» **WORK INSTRUCTION**
Could you retype exactly the lines below between the one holding "Im Gespräch mit" and the one holding "Berlinale-Bingo", inclusive, leaving out any pictures?

Start of DATASET RECORDS

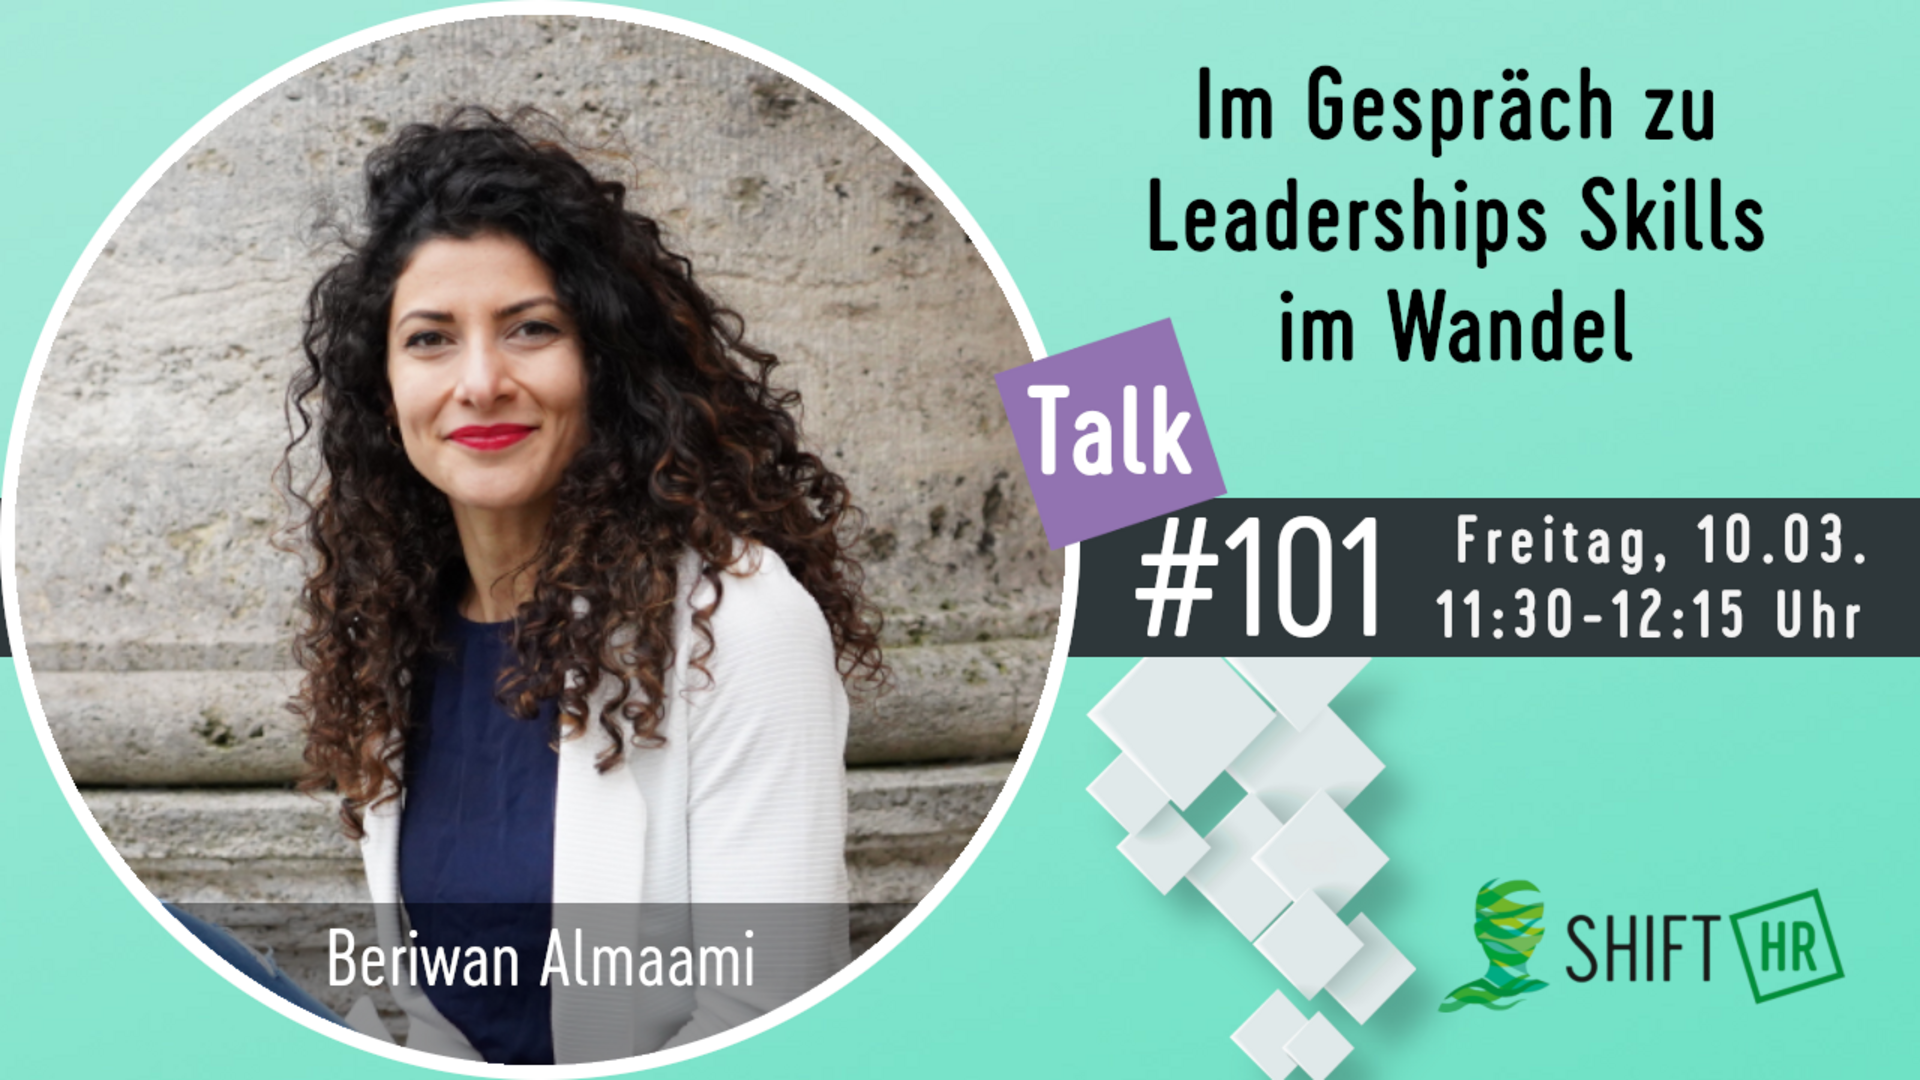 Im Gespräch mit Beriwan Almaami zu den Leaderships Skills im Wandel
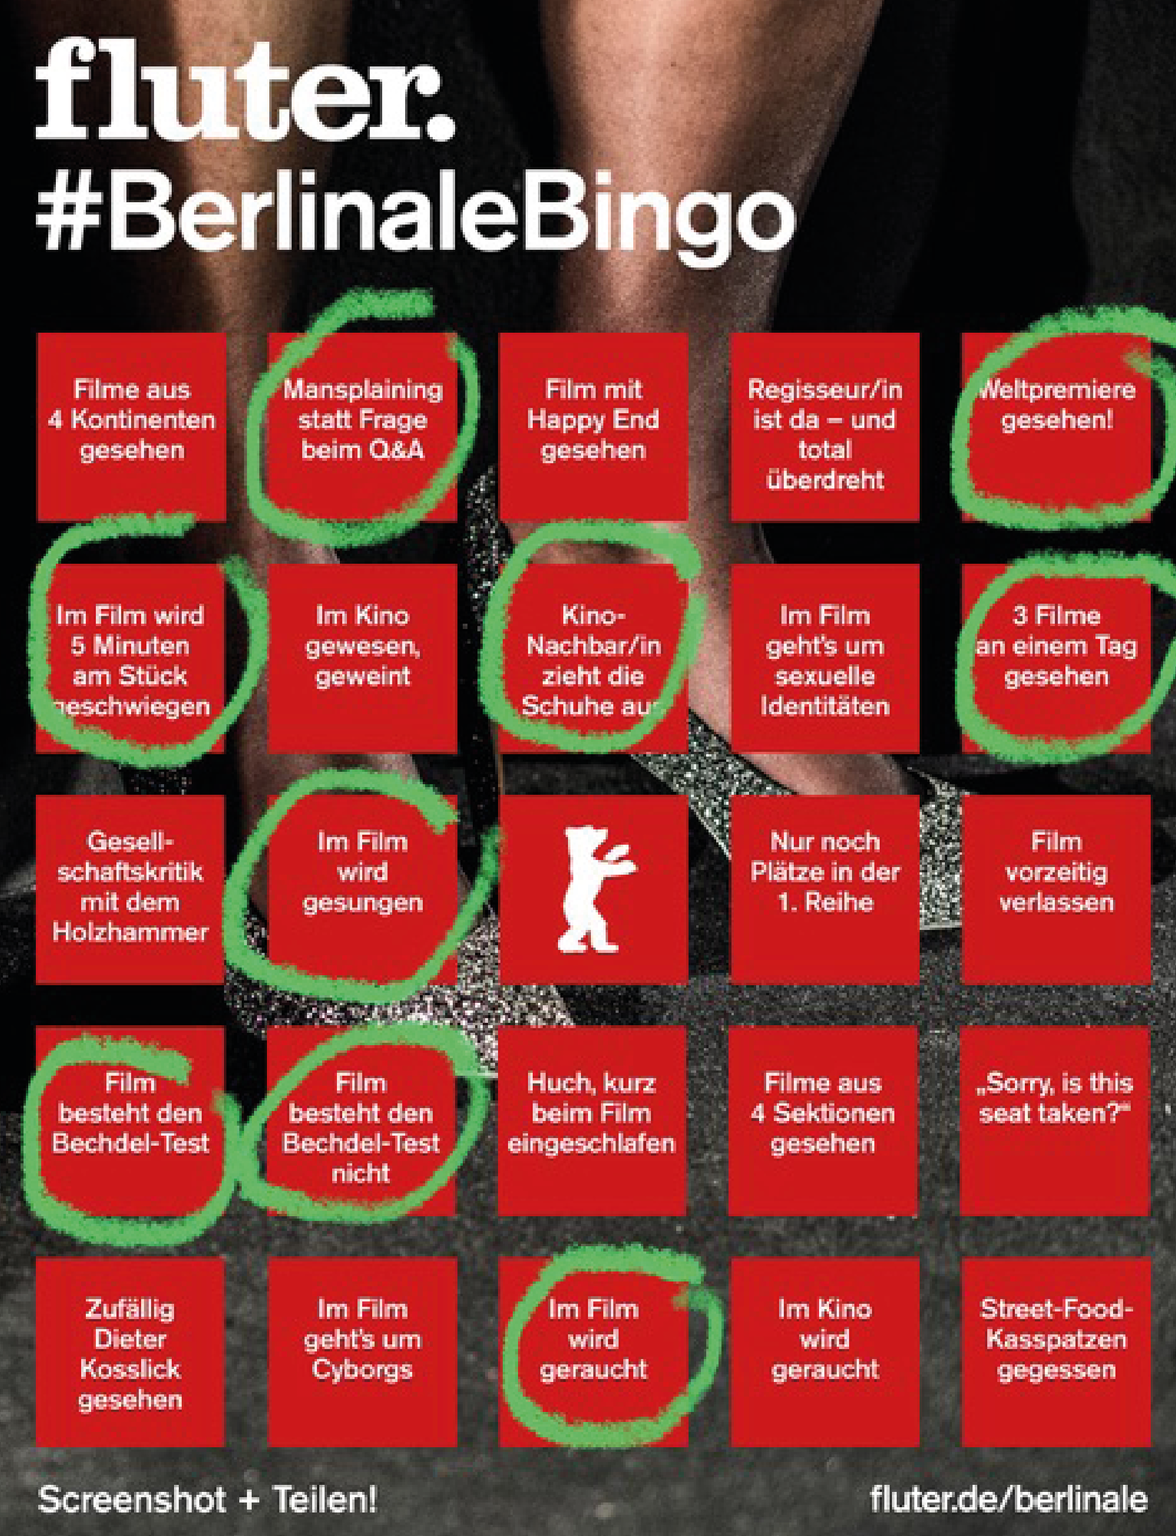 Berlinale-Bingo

End of DATASET RECORDS
Start of DATASET RECORDS

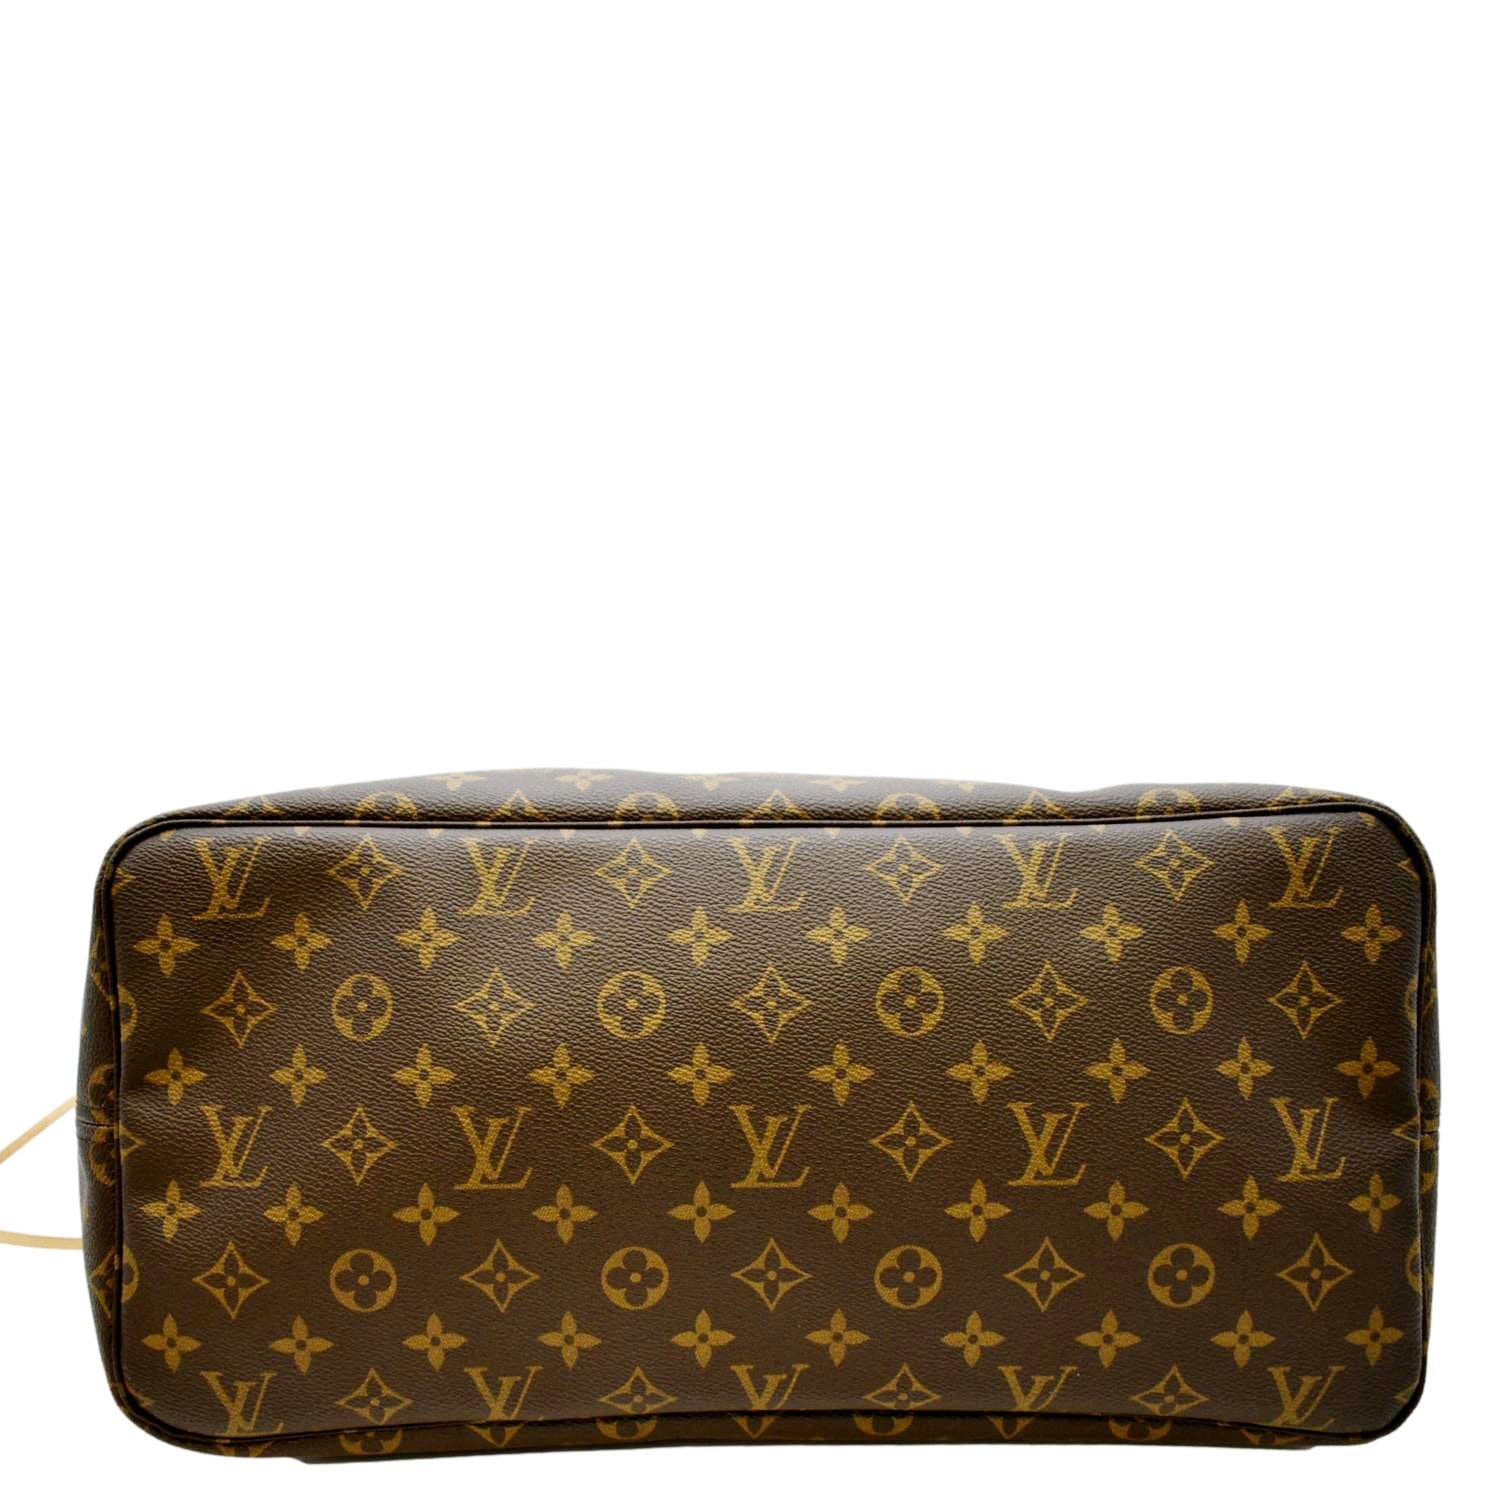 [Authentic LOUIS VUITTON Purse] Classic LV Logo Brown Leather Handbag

End of DATASET RECORDS

» **EXERCISE ANSWER**
 Im Gespräch mit Beriwan Almaami zu den Leaderships Skills im Wandel
 Berlinale-Bingo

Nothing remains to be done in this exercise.